A high, scornful laugh cuts through the noise like glass shattering.

“Well, well,” a voice sneers behind me. “They really let anyone in these days.”

I turn slowly, already knowing who it is.

Laura, the one who had dressed me down like I was competition, stands there in her white bikini that barely covers anything, her hair somehow still perfect even though the rest of us have long since melted into the heat.

Her expression is sharp enough to slice through steel, and her smile is all venom and glitter.

She glances over her shoulder, smirking at the two imitation Barbies at her side, then steps closer. “You know, I was wondering what the big fuss was about. New girl from the city. Long-lost daughter. Tragic past. Blah blah blah.”

I raise an eyebrow but don’t speak.

That only seems to embolden her.

“I mean, it makes sense now.” Her gaze rakes over me like she’s inspecting a piece of furniture someone left on the curb. “You’ve got that… ‘pity daughter no one wants’ look down to a science. Maybe if you cried more, you’d really sell it.”

Being bullied isn’t something new to me. When you have a stripper crack addict mother and you attend a public school, you grow a pretty thick skin. I take a slow sip of my lemonade, letting the silence stretch long enough to make her uncomfortable.

But she recovers fast.

“You can play the innocent act with the boys all you want,” she continues, her tone suddenly syrupy. “They love a charity case. Especially Jackson. He has this thing for broken toys.”

Ah.

There it is.

The real reason.

“Feeling territorial?” I ask calmly, setting my drink down. “Or bored because Jackson found someone with an actual personality?”

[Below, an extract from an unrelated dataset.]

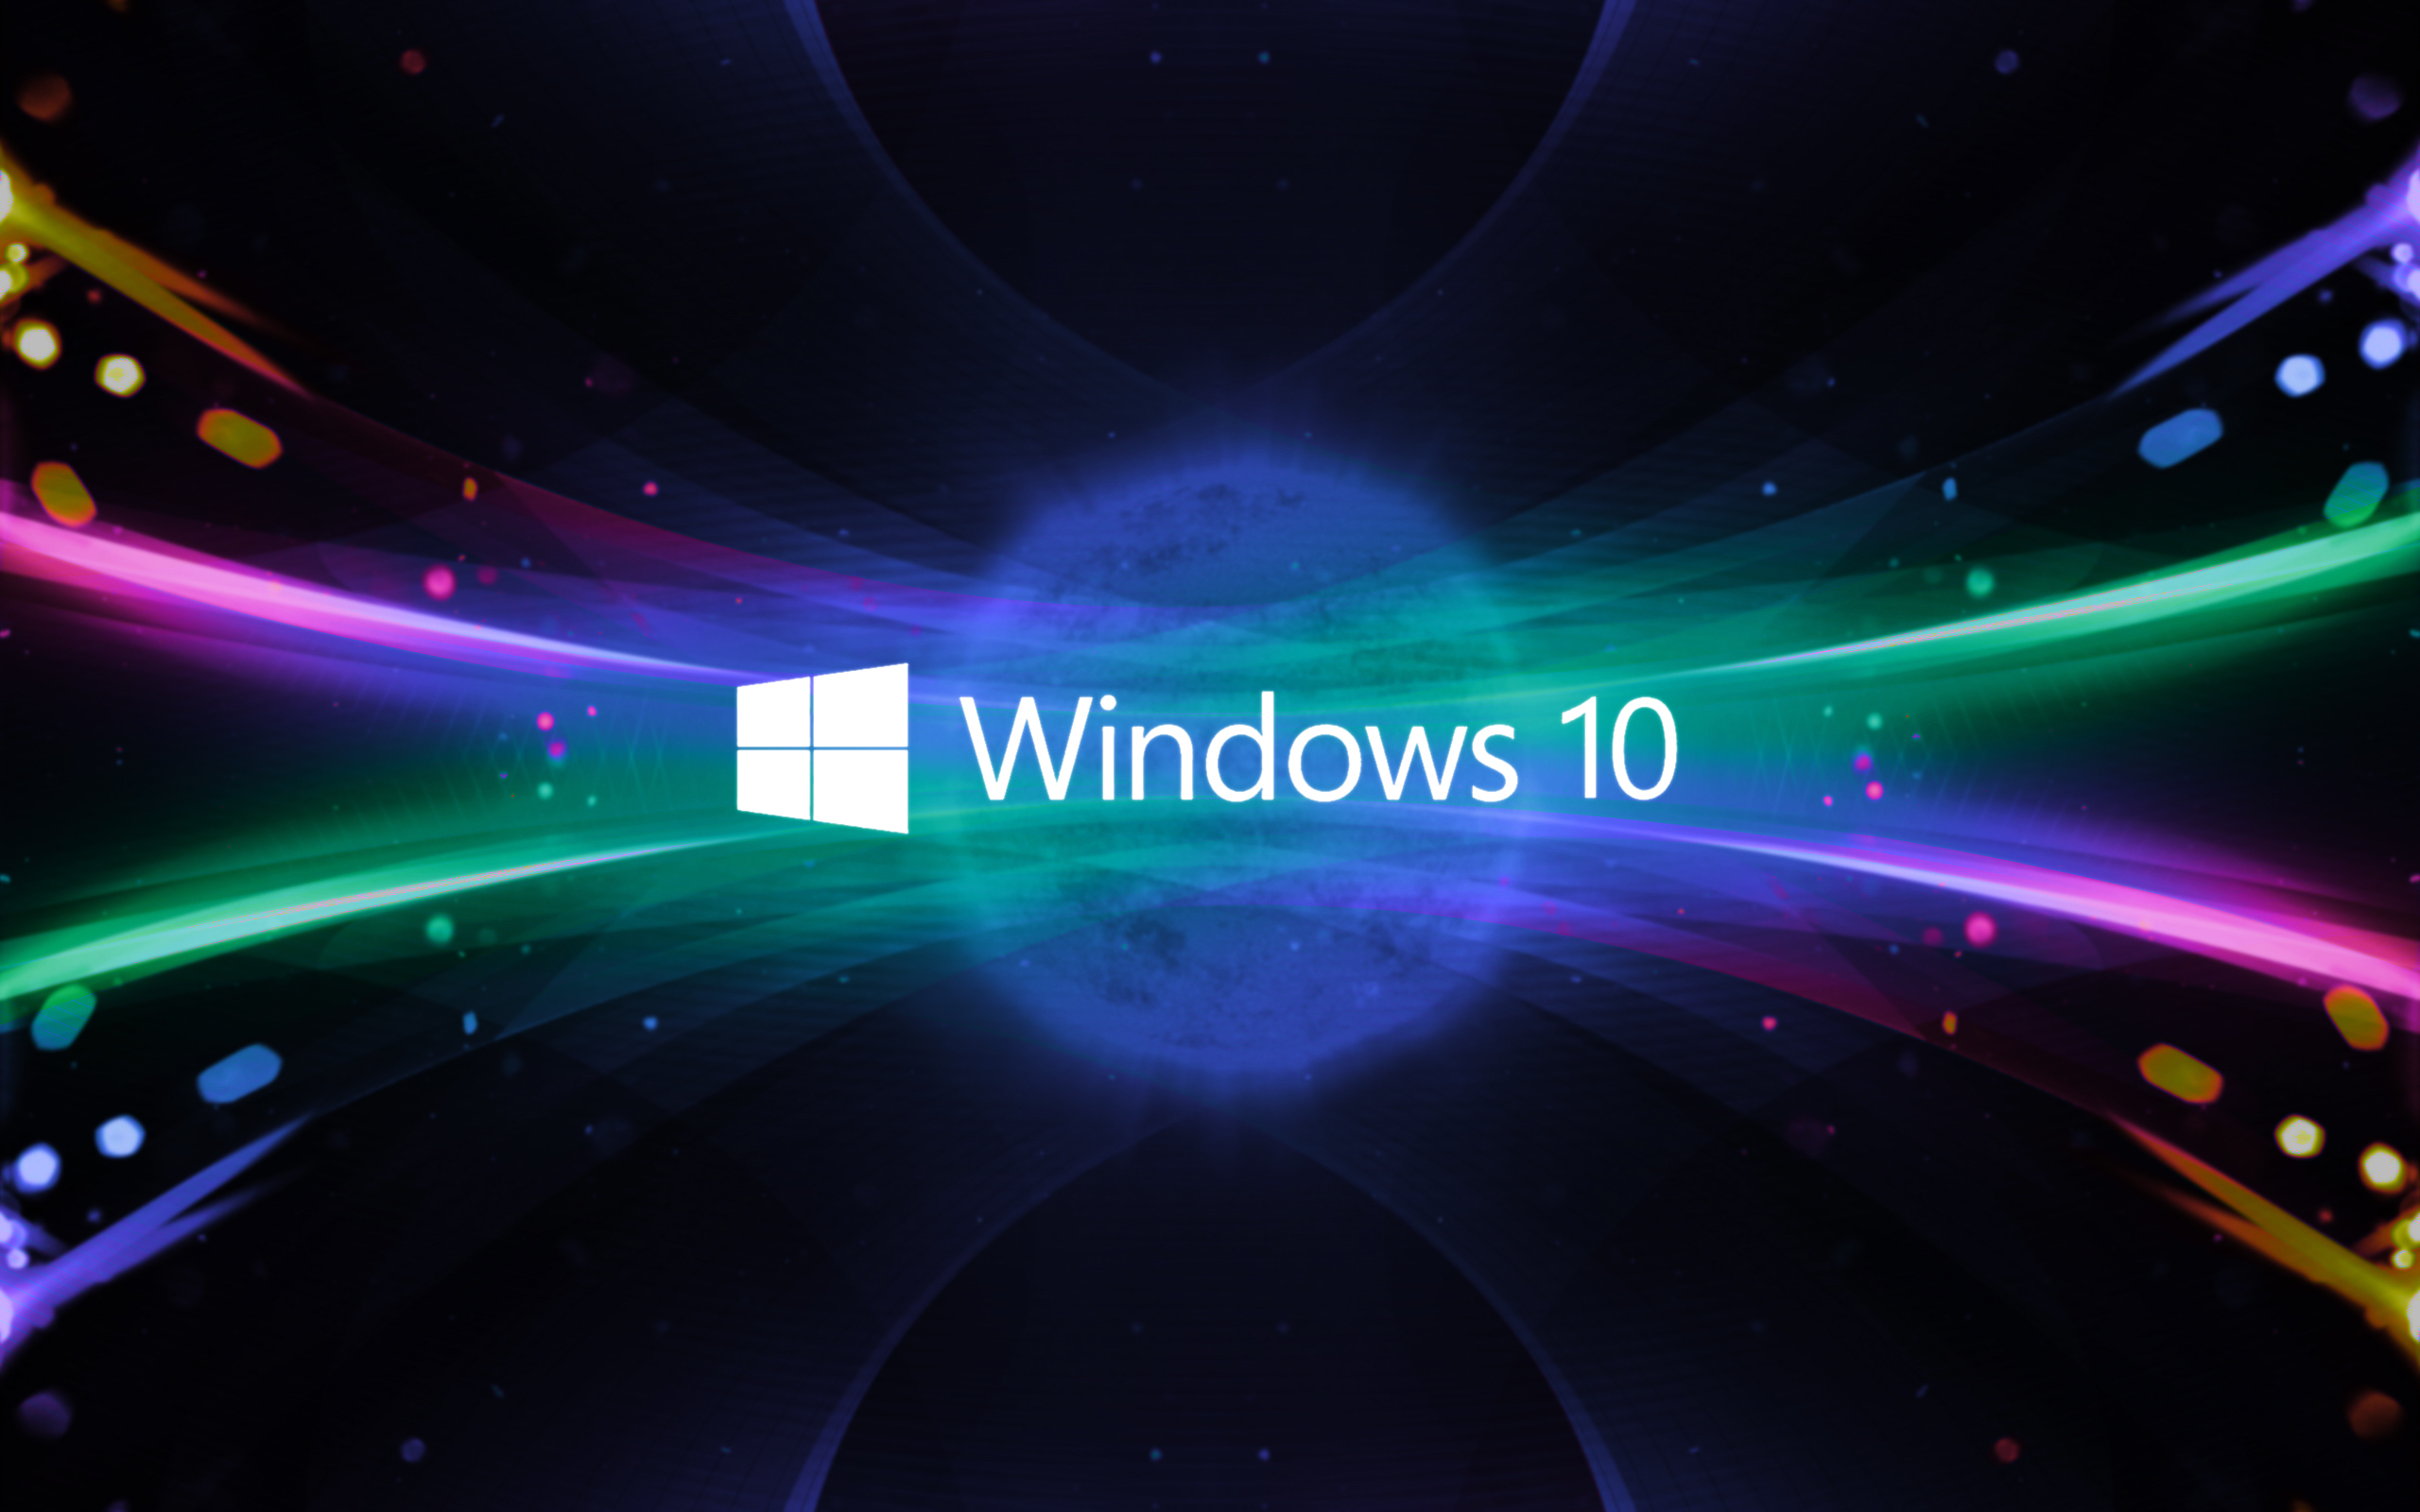 Nâng cấp Windows 10 là giải pháp hoàn hảo để bạn có được trải nghiệm tuyệt vời nhất từ hệ điều hành mới nhất. Hãy xem hình ảnh liên quan để thấy sự khác biệt và sự cải thiện của Windows

Her nostrils flare, but she smiles like it doesn’t bother her. Like she didn’t twitch at the mention of his name.

“Oh, honey. I’m not threatened by you. You’re a tourist in all this. A temporary sideshow before real life kicks back in.”

I tilt my head. “You sure? Because you seem pretty rattled for someone who’s not threatened.”

Laura’s smile drops. “Watch yourself, street rat. You’re not as untouchable as you think. Just because the boss is letting you hang around doesn’t mean you belong here.”

I stand slowly, the chair scraping back across the flagstone. The air between us tightens.

“I don’t belong anywhere, Laura,” I say softly, stepping in close enough she can smell the sweat and dust still clinging to me from the barn. “But it also means I don’t have anything to lose. Can you say the same?”

Her jaw tightens, but she doesn’t respond.

And then a voice cuts through the tension like a blade.

“That’s enough.”

Colter.

I glance over and find him standing a few feet away, arms crossed, expression stone cold. He’s not looking at me.

He’s looking at her.

Laura’s mask cracks for half a second. Long enough for me to see the flicker of embarrassment and fury.

“Come now,” she says, turning her body slightly toward him, one hand going to her hip. “I was just saying hi.”

Colter’s eyes don’t soften. “Say hi somewhere else.”

Laura hesitates, then flips her hair over her shoulder and gives me one last glare before strutting off toward the pool like she didn’t try to gut me in broad daylight.

I watch her go, then turn to Colter.

He’s still staring.

I cross my arms. “You always swoop in like that? Or are you pitying the poor orphan girl?”

His jaw ticks.

“That what you think this is?”

I shrug. “I don’t know what to think with you. One minute you’re cold. The next, you’re… whatever that was.”

He takes a step closer, then another, until there’s barely a foot of space between us. His voice drops low, almost a whisper.

“That was me not letting her get away with treating you like shit.”

“Why?” I ask, honestly. “Why do you care?”

Colter doesn’t answer right away. His eyes search mine, like he’s looking for a crack in the wall I’ve spent years building.

When he finally speaks, his voice is low. Gritty.

“Because whether you like it or not, you’re one of us now.”

My stomach twists. His words should feel like safety. Belonging.

But it sounds a lot more like a warning.

And I’m not sure which part scares me more.